|Losing Your Cat After
© Copyright 2001 by Pam Potter
I stroke her tail before I wrap her in my shirt. It is the only part of her body that's not stiff and still feels like her.
My husband is outside trying to find a spot to bury her. We changed our minds three times before picking out a spot near her kittens that died in 1985. It was her only litter because we had her fixed right afterwards.
I called my mother long distant as we bury her and as I hang up I remember that I forgot to wish her a happy mothers day tomorrow.
My beloved pet was old. I know she is now back to her good health up in Heaven with all my beloved pets that have gone before her. I will see her one day in Heaven. All these things I tell myself, but the pit of my stomach still aches.
I think I heard her cry, then I think I am crazy. I step on the spot she died on to be close to her.
I look at her baby kitten pictures.
I can now eat my lunch and put my plate down on my lap without her thinking I am done and the plate is hers now.
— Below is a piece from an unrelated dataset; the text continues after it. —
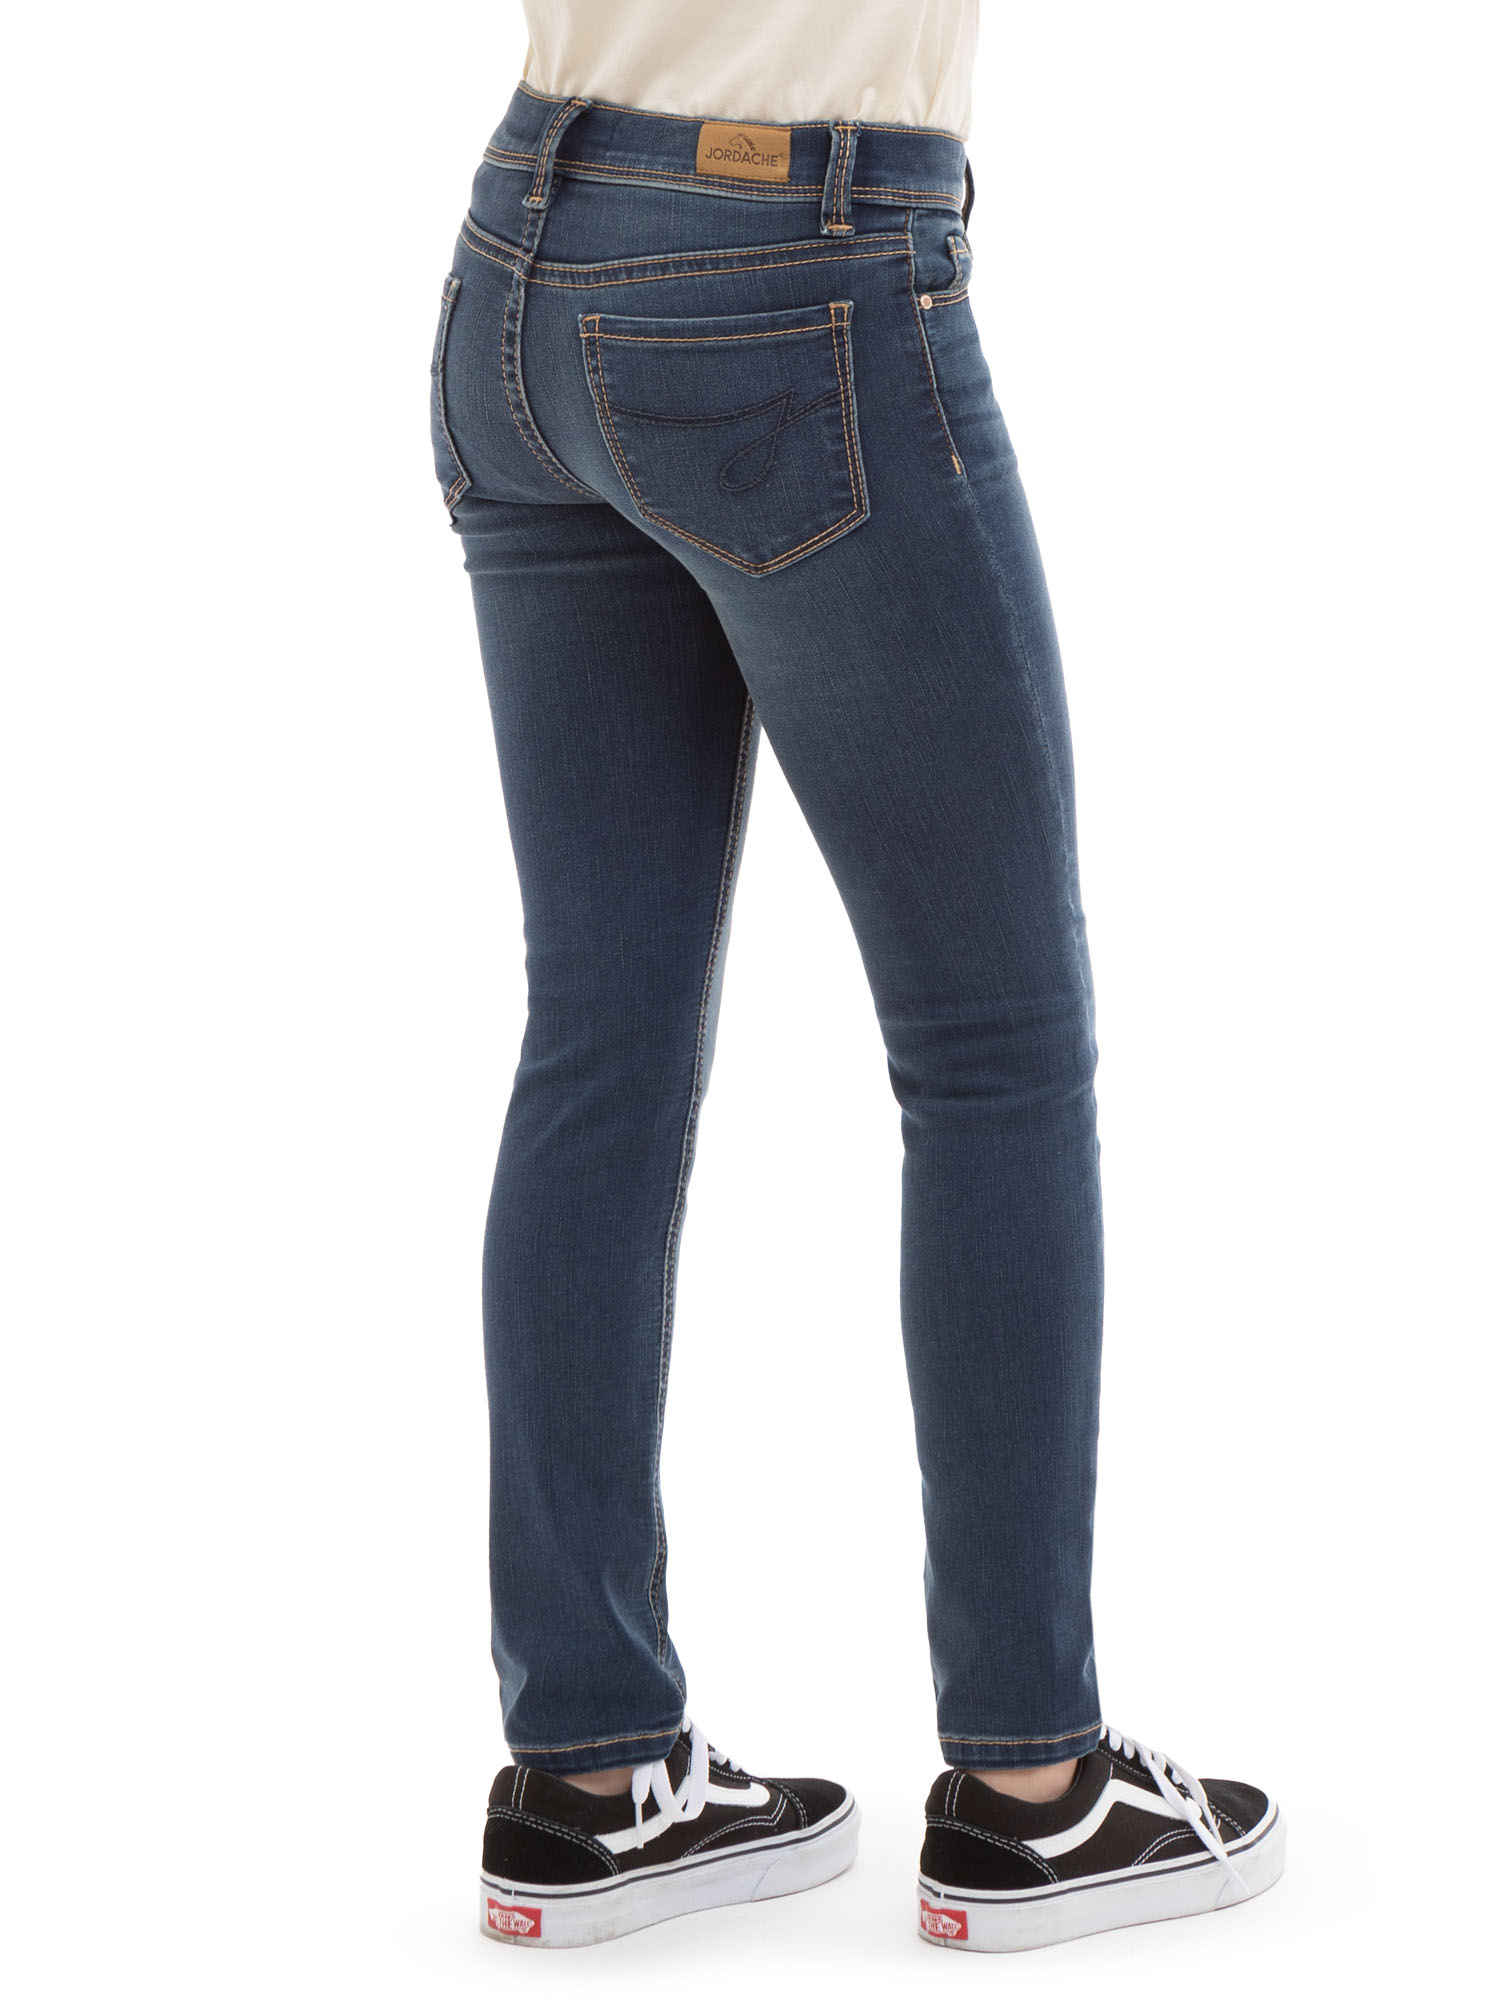 Jordache Girls Skinny Jeans, Sizes 5-18 - image 4 of 5

I eat while watching TV in the livingroom, or as I sit at the computor, only now she isn't there to get my plate . I miss that.
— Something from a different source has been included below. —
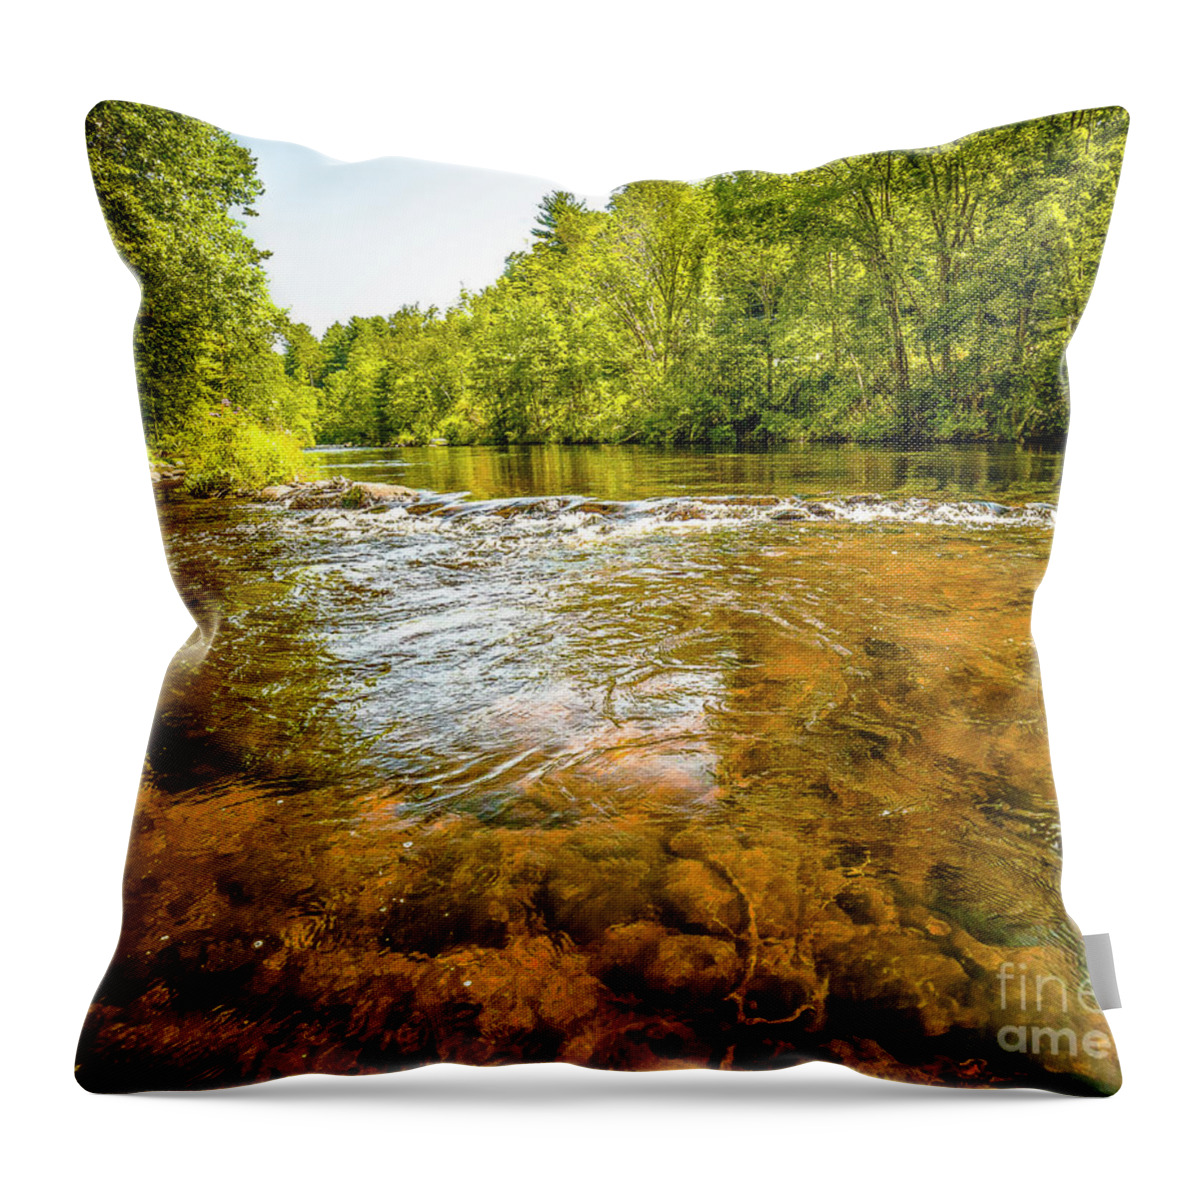 Farmingtion River Throw Pillow featuring the photograph Vans Pool on the Farmington by Tom Cameron

She isn't here to stick her head and body in the door of the Icebox, to see what I am getting out. She isn't here to meow, meow, for me to hurry up and get it ready so I can eat and then she can have what I saved for her. I miss that.
I miss her coming to me to get picked up and curl up in my lap, or laying under my feet at my computor desk.
My husband Billy, who always said ," Come get your baby, she's meowing for you", is now crying because she is gone. Then we both cry because she is gone.
Some people tell us to get another cat soon, others say wait awhile. I couldn't wait. We checked the newspaper ads and I called a lady who said she had four six-week old kittens to give away.
Will getting a new kitten make the hurt go away ? No. When I got Tracey I still loved Moe-Joe who died in 1983, and Illya Ray who died in 1977.
Illya Ray was my childhood cat. Illya Ray is the cat I model each cat to be like. Tracey came the closest.
What makes a cat special to me? A cat that will let me baby it. That's why I want another cat--so I can baby one again and make a new special friend.
A week later we found two tabby female kittens that were at the animal shelter about to be killed. The mother cat cried so much seeing her whole cat family die before her eyes that when they came upon the last kitten the vet stopped. A woman there took the kitten and the mother cat home. We have the last two kittens from another cat family. We named them Jessie and Frankie. Jessie is into everything and meows all the time. She jumps on anything high. She even jumped upon the door ledge. Frankie is a calico tabby. She is quiet and very gentle.
I hope I'm lucky enough to have these kittens for seventeen years!